# Spanish Fighter Over Estonia Accidentally Fires Missile



## tomahawk6 (8 Aug 2018)

A ground search for the AMRAAM type weapon is underway.

https://www.msn.com/en-us/news/world/spanish-fighter-jet-accidentally-fires-missile-over-estonia/ar-BBLDqJe?ocid=spartanntp


----------



## Colin Parkinson (8 Aug 2018)

Tad awkward, good thing it was a Spanish aircraft, less propaganda value.


----------



## tomahawk6 (8 Aug 2018)

Is it hard to accidentally fire a missile ?


----------



## brihard (8 Aug 2018)

Isn’t it great when someone self identifies as Duty Officer every weekend for the next year?


----------



## SupersonicMax (8 Aug 2018)

tomahawk6 said:
			
		

> Is it hard to accidentally fire a missile ?



In the Hornet (or any other fighters I have flown), it’s at least a three-actuation deal:

(Get out of simulation mode)
Activate the Master Arm (which is normally witness-wired for mission during which you don’t intend to fire weapons, in Canada anyway)
Select weapon
Activate trigger

Now, it could be possible that the aircraft was never put into Sim mode (it generally defaults in live mode), was conducting training, selected the weapon (as you’d do in training), activate the master-arm switch (which most people will do in training to build muscle memory) and shot at an appropriate time during the training evolution (which we do all the time).

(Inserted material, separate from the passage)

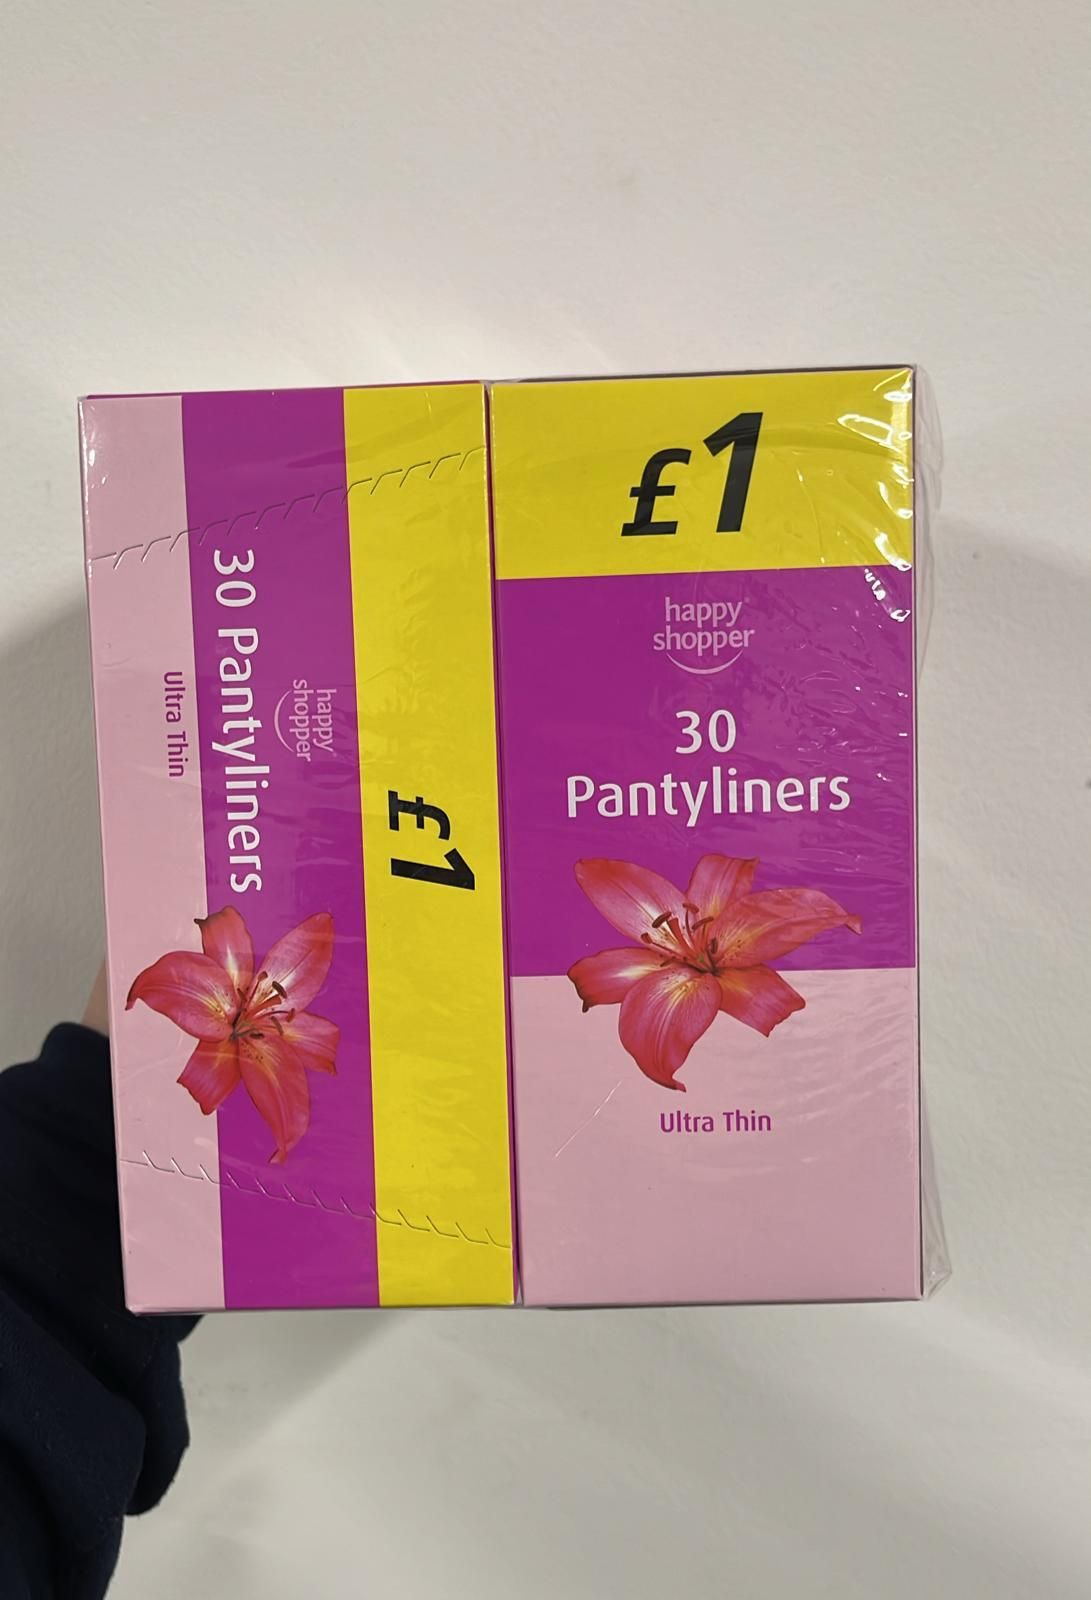 Happy shopper Panty liners ultra thin price marked £1 30pk

Bottom line: there are multiple safety features, none of which is particularly difficult to forget/overlook.  In any way, that pilot did not follow procedures/checklists.  It is, however, not the first time, nor the last time, this happened.

It is very possible that the pilot was on a practice scramble where things happen much faster than a normal start.


----------



## tomahawk6 (8 Aug 2018)

Thanks for the education.A number of years ago the USAF had it happen.


----------